Introduction: There is strong evidence that the cytopenia(s) in MDS might be caused by excessive, cytokine induced, intramedullary apoptotic death of progenitor hematopoietic cells. TNFα is a key cytokine that may trigger and sustain the excessive apoptosis processes in early disease. Infliximab is a chimeric human-murine monoclonal antibody with high affinity for human TNFα. Infliximab effectively prevents TNFα specific signaling in immune mediated inflammatory diseases. The therapeutic potential of suppressing TNFα mediated apoptosis in MDS was investigated.

Patients and methods: The EORTC LG conducted an open label 2-arm randomized, Simon 2-stage design, phase II study, with the primary objective of assessing the activity of two different dose levels of Infliximab, as single agent, in patients (pts) with low-/intermediate-risk MDS according to IPSS. Activity was assessed by response rate, using the International Working Group criteria: Complete Response (CR) + Partial Response (PR) + Hematological Improvement (HI). Toxicity was assessed as a secondary objective.

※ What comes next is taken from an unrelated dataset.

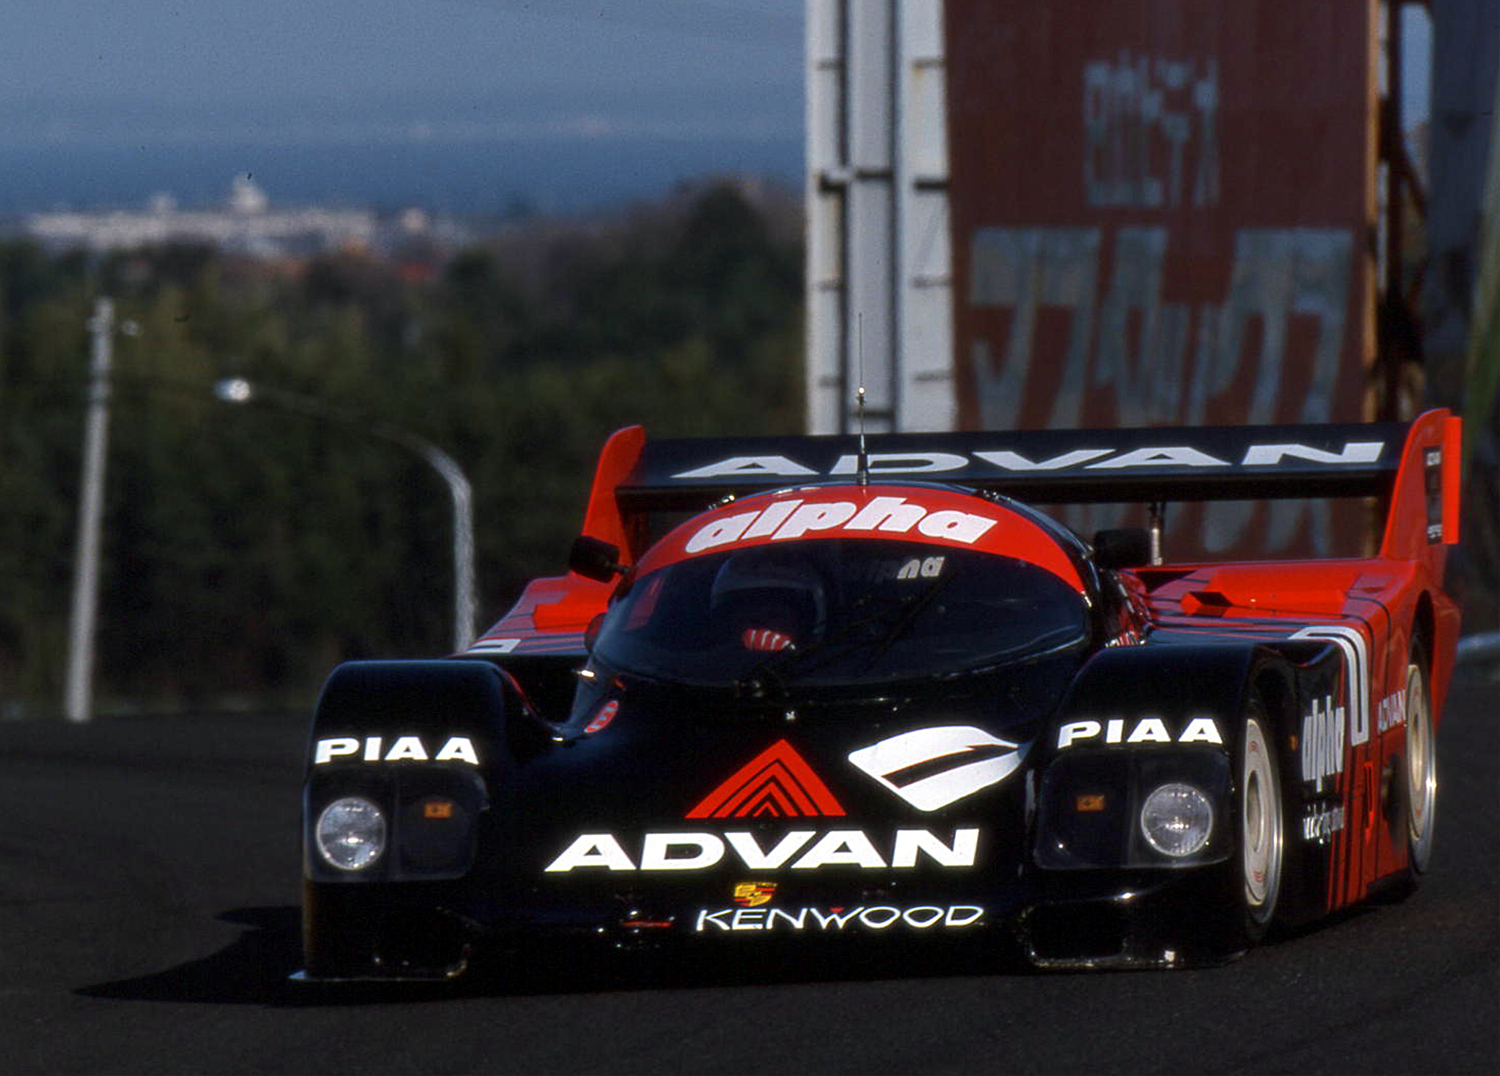 その速さとカラーリングに憧れた印象深い「ADVAN」カラーのレースマシン 〜 画像12

Results: Between February 2004 and March 2006, 37 eligible/evaluable pts (targeted sample size for the analysis of first stage) were randomly assigned to receive Infliximab, 3 mg/kg (18 pts) vs 5 mg/kg (19 pts), intravenously on days 1 and 15, thereafter every 4 weeks, for a total of 8 courses. Baseline characteristics by treatment arm (3 mg/kg vs 5 mg/kg) were: median age (65 vs 69 years); IPSS risk score: low (2 vs 6 pts), Intermediate-1 (14 vs 10 pts), Intermediate-2 (2 vs 3 pts); cytogenetic risk group: good (9 vs 12 pts), intermediate (5 vs 4 pts), unknown (4 vs 3 pts). Treatment applicability (3 mg/kg vs 5 mg/kg): 20 pts (10 vs 10) completed the 8 cycles of therapy, and 17 pts (8 vs 9) stopped earlier due to: progressive disease (2 vs 4), excessive toxicity (3 vs 0), patient’s refusal (2 vs 2), death due to an unrelated cause (1 vs 1), other reasons (0 vs 2). Activity (3 mg/kg vs 5 mg/kg): 3 pts responded to treatment in the 3 mg/kg arm: 1 CR, 1 PR and 1 HI (neutrophils), while no patient responded in the 5 mg/kg arm. A total of 21 pts (7 vs 14) had stable disease, 11 pts (7 vs 4) had documented disease progression and 2 pts were inevaluable for response (1 vs 1). After a median follow-up of 1.5 years, 8 pts (6 vs 2) died. Adverse events: 3 out of 18 patients died due to infections in the 3 mg/kg arm vs 0/19 in the 5 mg/kg arm. Two of the lethal infections were considered likely related to protocol treatment: one patient developed a fatal mucormycosis during treatment and one patient developed a fatal sepsis shortly after the eighth Infliximab infusion and thereafter also had documented progression to AML. There were few other AE/toxicities.

Conclusion: Infliximab in the 3 mg/kg dose/schedule showed some activity in this study. Infliximab has limited activity as single agent but may warrant further investigation in combination with other active agents. Patients must be monitored closely for occurrence of severe infections.

Author notes

Disclosure:Employment: Carla de Boer is an employee of Centocor. Research Funding: Educational grant from Centocor Inc.